Würde gerne mal ein paar konkrete Beispiele genannt bekommen mit den Eigenschaften der angegebenen Jacke und Hose aus dem Bikesortiment die auch in diesem Preissegment angesiedelt sind. 

Suche halt noch nach Alternativen zu e.s. in der Preisklasse. Da dies meine erste Wintersaison wird in der ich das Bike bewegen will fehlt mir momentan noch die Erfahrung sowie die Ausrüstung bezügl. der Klamotten.


----------



## wittenberger (24. Oktober 2011)

Hallo ralalla,
schau mal bei chainreactionscycle.com nach , da ist gerade Warehouseclarence, Nachläße bis 70 % besonders das Endura Zeug ist gut, gibt dort mal endura als Suchbegriff ein:

http://www.chainreactioncycles.com/SearchResults.aspx?Search=endura

aber auch andere Produkte dort guter Preis habe schon mehrmals bestellt, sowohl Versand,Rücknahmen und Erstattung klappen tadellos.

Viel Erfolg Frank


----------



## ralalla (24. Oktober 2011)

Danke Frank
werde mich da mal genauer umsehen.
Habe bei 1-2 Artikeln gesehen das diese in meiner Größe ausverkauft sind.
Neue Lieferung kommt Ende des Monats, ist die Frage ob es da dann immer noch die % gibt ?

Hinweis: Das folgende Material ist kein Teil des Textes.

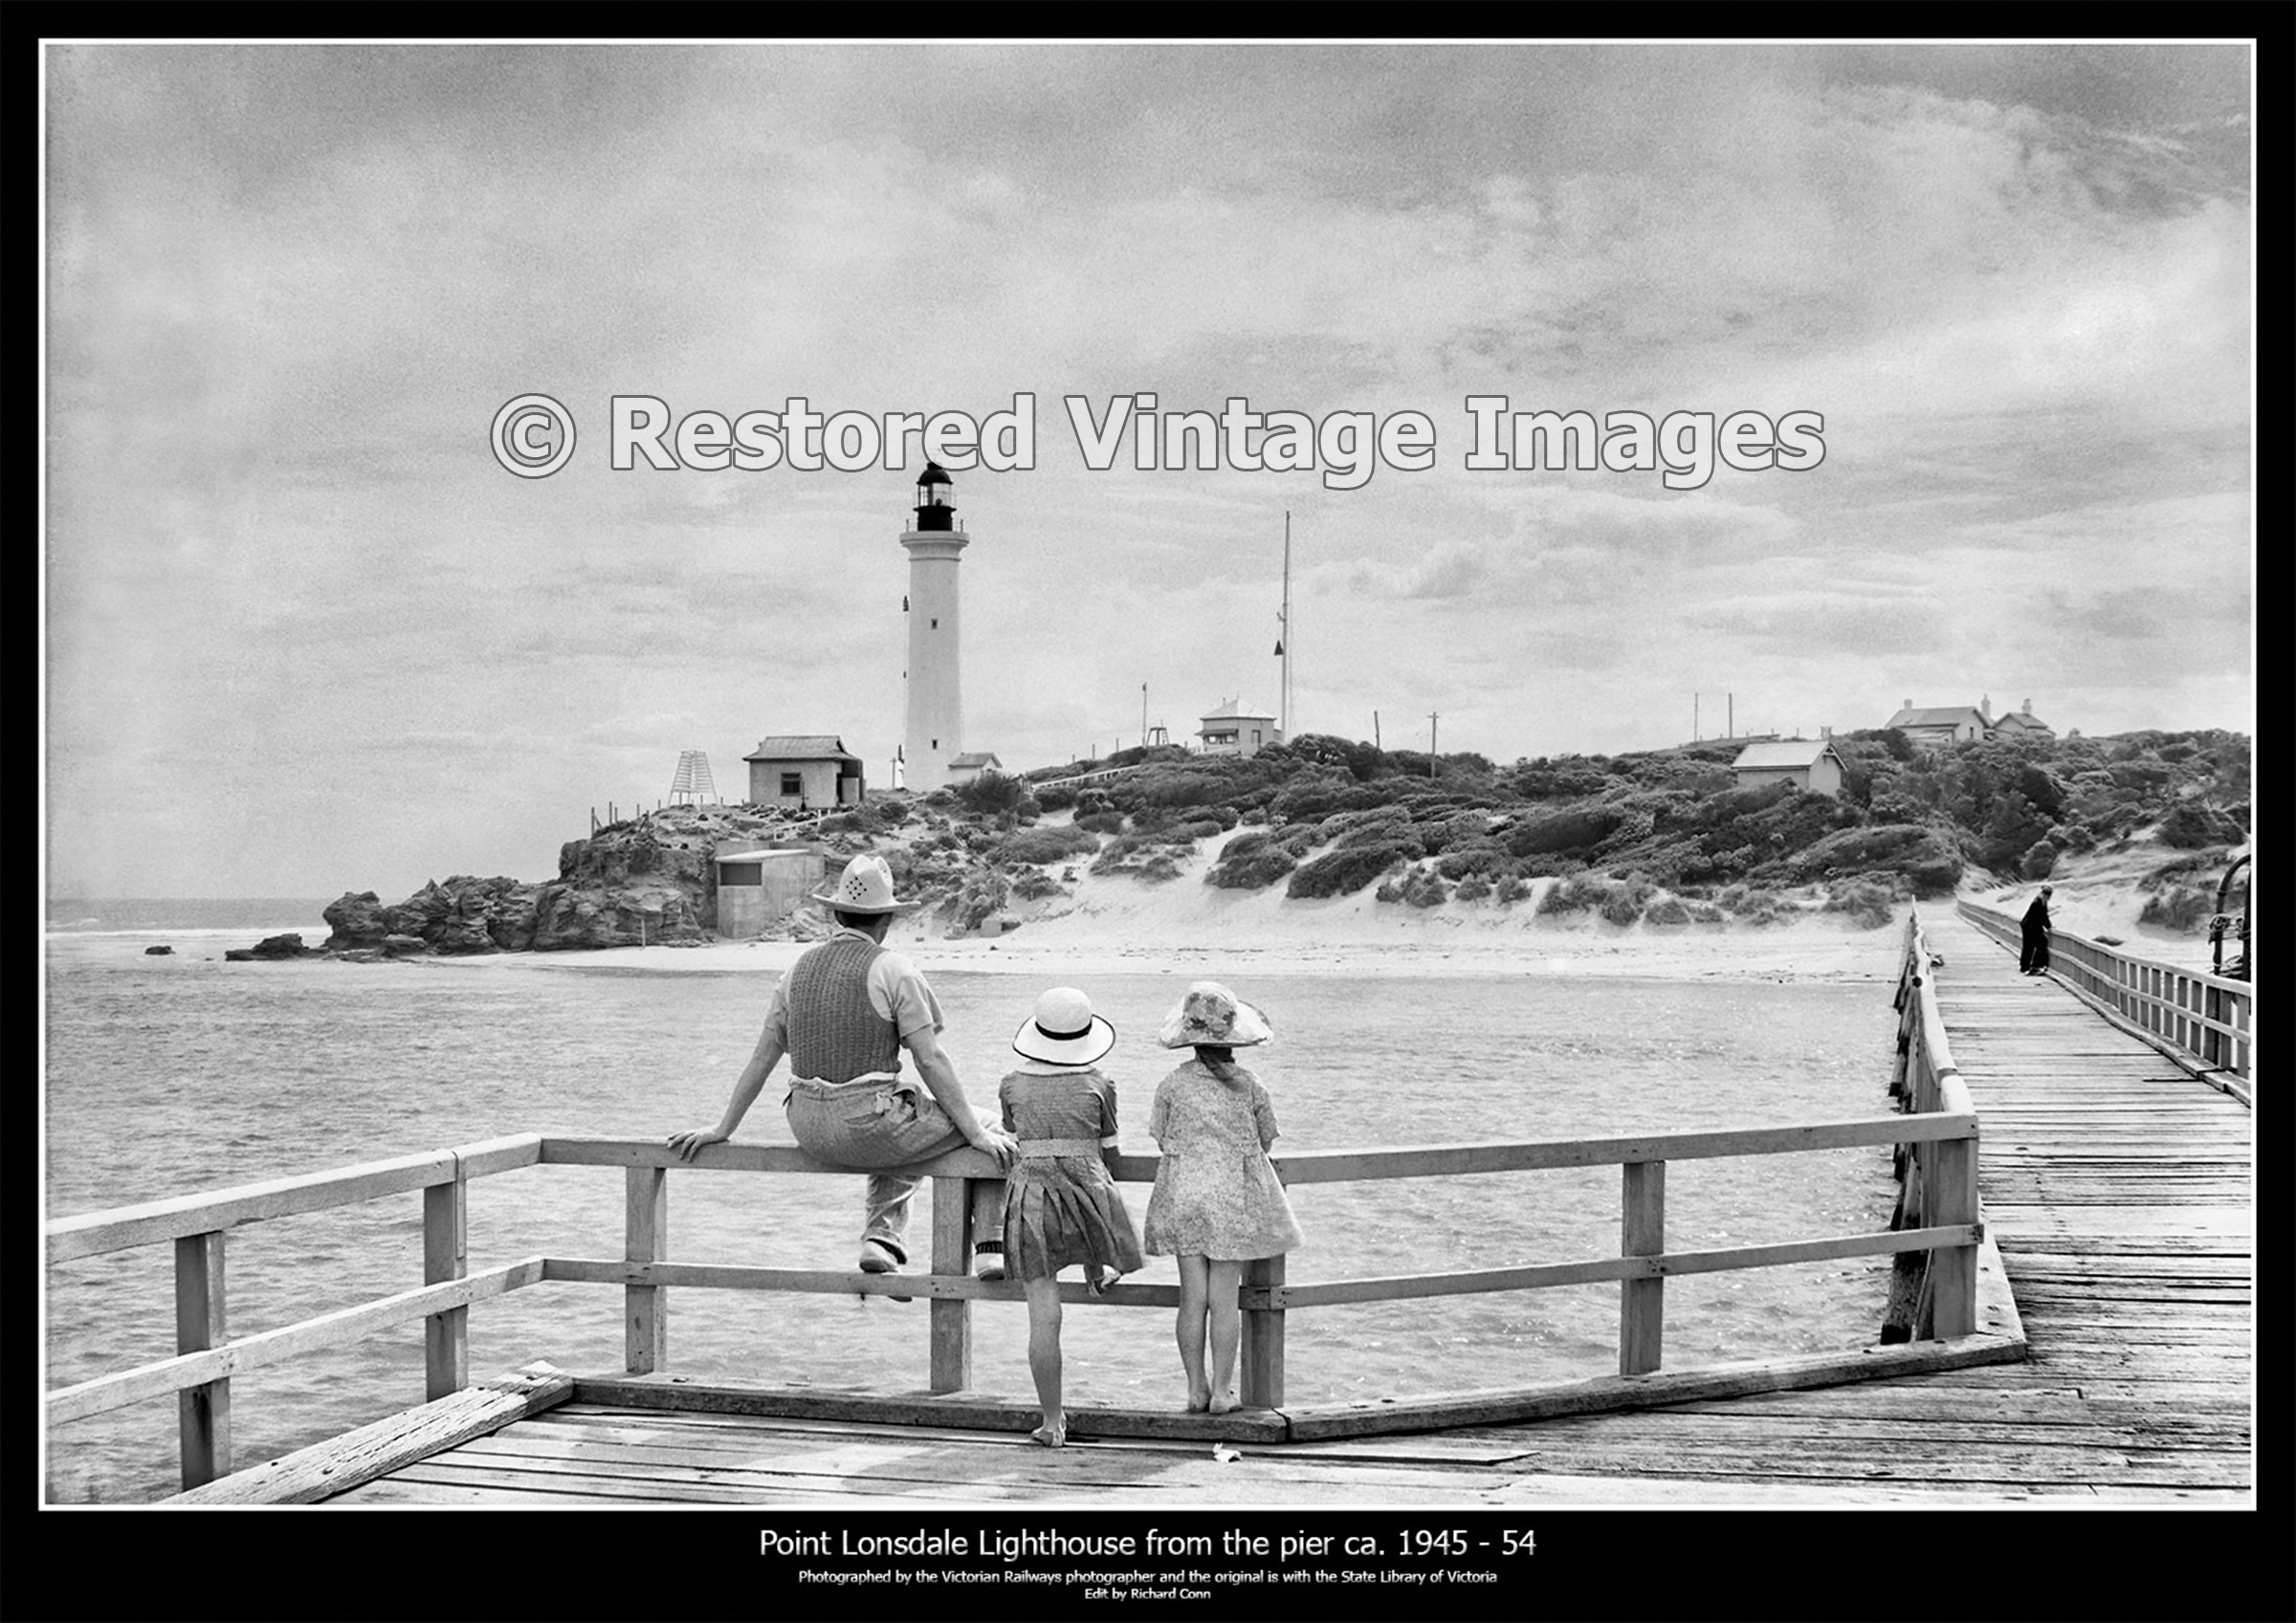 Point Lonsdale Lighthouse From Pier 1945 – 54

Ich denke ich werde die e.s. Sachen  mal bestellen und wenn ich bei deinem Vorschlag noch was passendes finde ebenfalls da was ordern. Dann mal vergleichen und das was mir besser gefällt behalten.


----------



## Tall1969 (24. Oktober 2011)

Das Arbeitsbekleidung spezieller Radbekleidung nicht grundsätzlich fürs Radelfahren überlegen ist, steht wohl ausser Diskussion denke ich mal.

Von den e.s.-Klamotten (nur Hosen) in meinem Schrank kann ich dabei die Winterhose Motion uneingeschränkt empfehlen, dieses Teil ist wirklich warm. Da stört dann auch der breite Schlag nicht. Bei den anderen Sachen ist zu bedenken, dass sie zwar eigentlich funktionell sehr ok, robust und so sind, aber auch recht schwer.... ich habs sie jetzt und fahr sie ...

Ein wesentlicher Vorteil ist denke ich, dass es bei den e.s.-Klamotten auch Kurz- und Langgrößen gibt.


----------



## Onkel Manuel (25. Oktober 2011)

Mahlzeit!

Sodele, heute quasi mal ne Einzelbewertung der Jacke gemacht. Abweichende Klamotten im Vergleich zu Freitag:
-Beine: Gore Countdown
-Füße: FiveTen Impact
-Handschuhe: Eolo Radsails (Kite-Handschuhe)
-Kopf: Gore Windstopper Kopfhaube
-Rücken: Ohne Rucksack

Bedingungen: Morgens 8°C sehr windig (8km), Nachmittags 12°C schwach windig (17km)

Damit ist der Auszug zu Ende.